THE GYROCOMPASS is used in ships of every description

THE GYROCOMPASS is used in ships of every description. The Sperry merchant marine gyrocompass contains a single gyrowheel with a diameter of 10in. It weighs 55 lb. and is spun at 6,000 revolutions a minute by a self-contained induction motor.

MOST people have at one time owned a gyroscope, generally in their early youth. Many will be able to recall this interesting toy top in its circular frame that gives a “curious twist” when moved, spinning, in the hand. That curious twist is one of the manifestations of many peculiar properties of a rapidly spinning wheel, or “gyro”, to use its scientific name. The working principles of this mysterious device permit a large railway car to run balanced on a single rail. The gyro is the instrument that keeps the deadly torpedo running straight for its target, that controls the broadside salvos from the guns of a mighty warship. The gyroscope makes possible the pilotless aeroplane, the automatic helmsman on board ship, the True North gyro, the directional gyro and gyro-horizons used by the air pilot.

Repeatedly in engineering practice the principles of gyroscopic action must be studied and applied, in the super-elevation of a railway track on curves, in the design and firing of artillery projectiles, in camera control for aerial photography and for many other purposes. Possibly the most spectacular application of the gyroscope is found in the gyroscopic stabilizer that resists the rolling of a great liner in a heavy sea. In this instance the instrument develops into a huge machine with a gyrowheel that weighs many tons.

A gyroscope comprises a gyrowheel spinning within a number of pivoted frames arranged in a manner similar to the gimbals of a ship’s compass. The number of frames may be varied within certain limits to give different degrees of “freedom of rotation”. When a gyrowheel is spinning it has one degree of freedom of rotation. If the wheel shaft be placed in a frame that allows it to be swung, weathercock fashion, to any point on the horizon, the gyroscope has two degrees of freedom of rotation. Three degrees of freedom are attained by providing another pivoted frame that enables the shaft to be up-ended in any direction.

A revolving gyrowheel that is thus free to move about in any direction will continue to spin with its axle “fixed in space”, no matter how the supporting frames are shifted. It was with a rapidly spinning wheel so mounted that the scientist Leon Foucault, in 1852, demonstrated the rotation of the earth. Because the instrument exhibited this property he named it the gyroscope.

This remarkable property of the gyroscope that resists any attempt to alter the direction of its spin-axis in space is governed by what is known in science as “the first law of gyrodynamics”. There is also a second law — that when pressure is exerted against

the inner frame of a gyroscope, the gyro axle will tilt, or precess, in a direction at right angles to that of the force applied.
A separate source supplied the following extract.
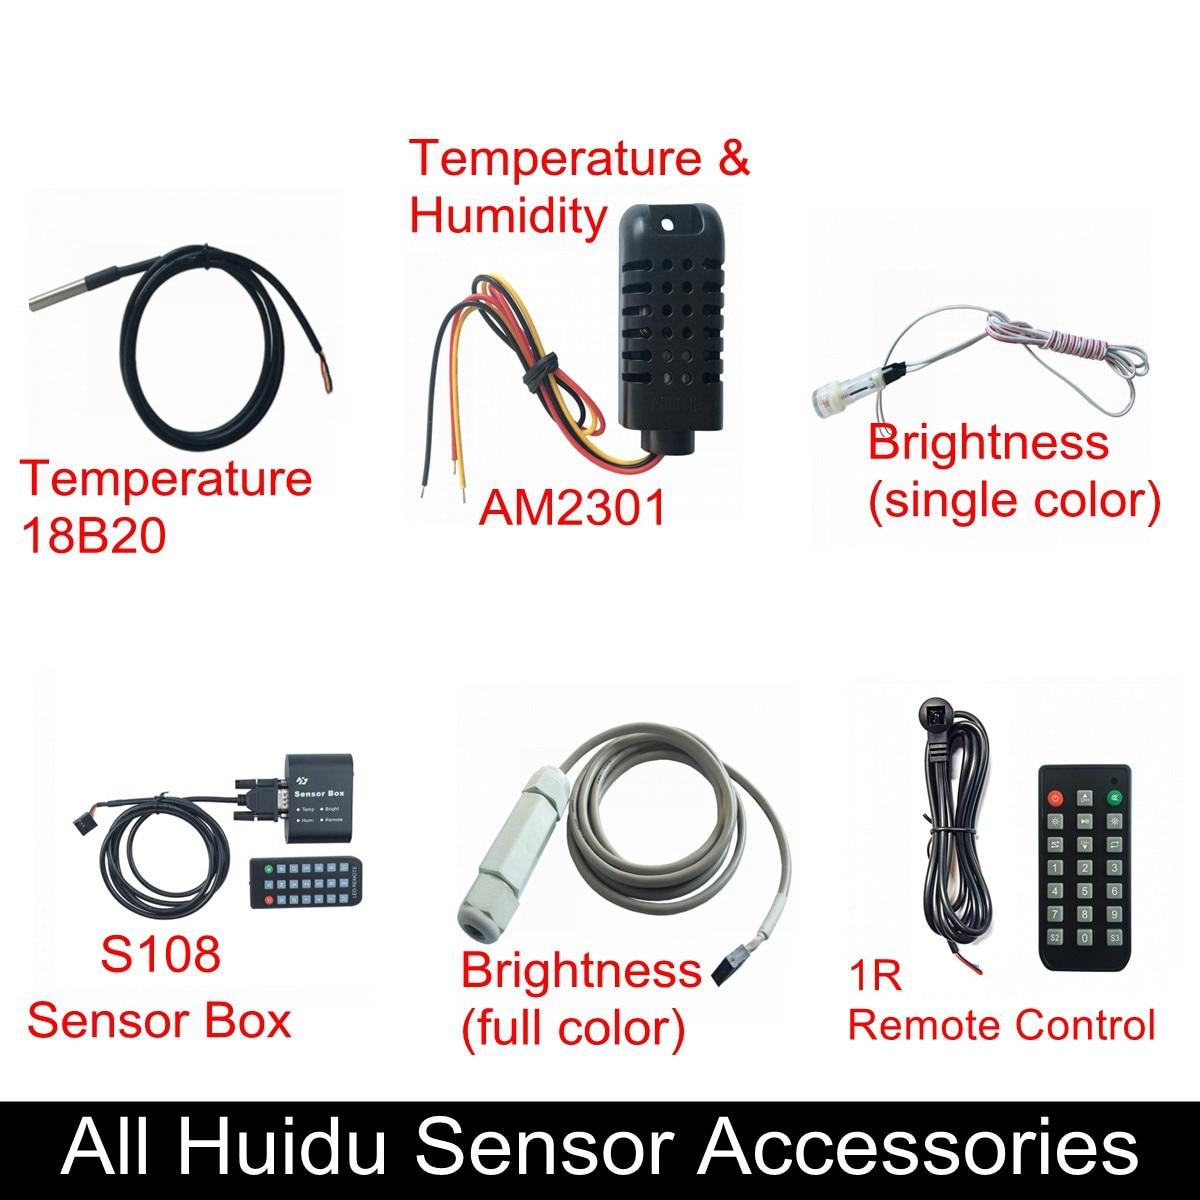 All Huidu Sensors Temperature 18B20 Temperature & Humidity AM2301Single RGB Brightness S108 Box 1R Remote
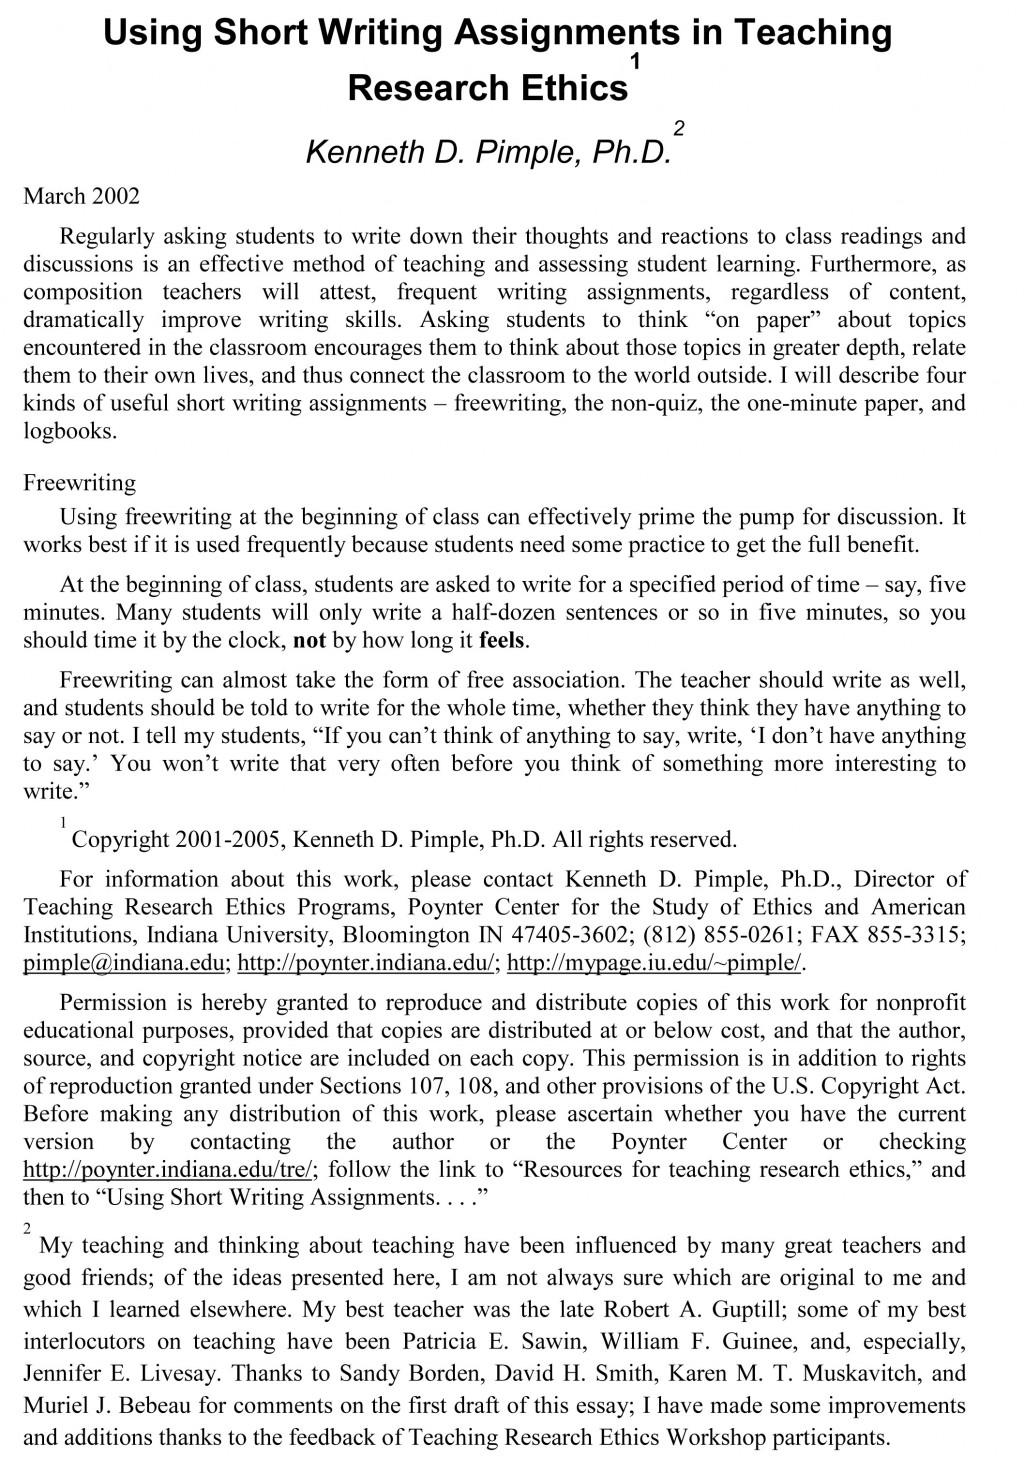 012 Essay Example Diversity Sample Fascinating Law School Large

Any revolving body exhibiting the above laws may be a gyroscope — a heavy wheel from a garden barrow, for example. Suppose a boy trundles the wheel away from him along a path; then by pushing down on the left-hand axle he can make the wheel turn to the left. A push down on the right-hand axle produces a right turn — the spin-axis (the axle) of the wheel has precessed.

Again, the driving wheels of a locomotive act as gyroscopes. On rounding a curve the spin-axes (the axles) precess and the driving wheels on the inside of the curve tend to lift from their rail. Here then is one reason for raising the level of the outer rail, or super-elevating the track.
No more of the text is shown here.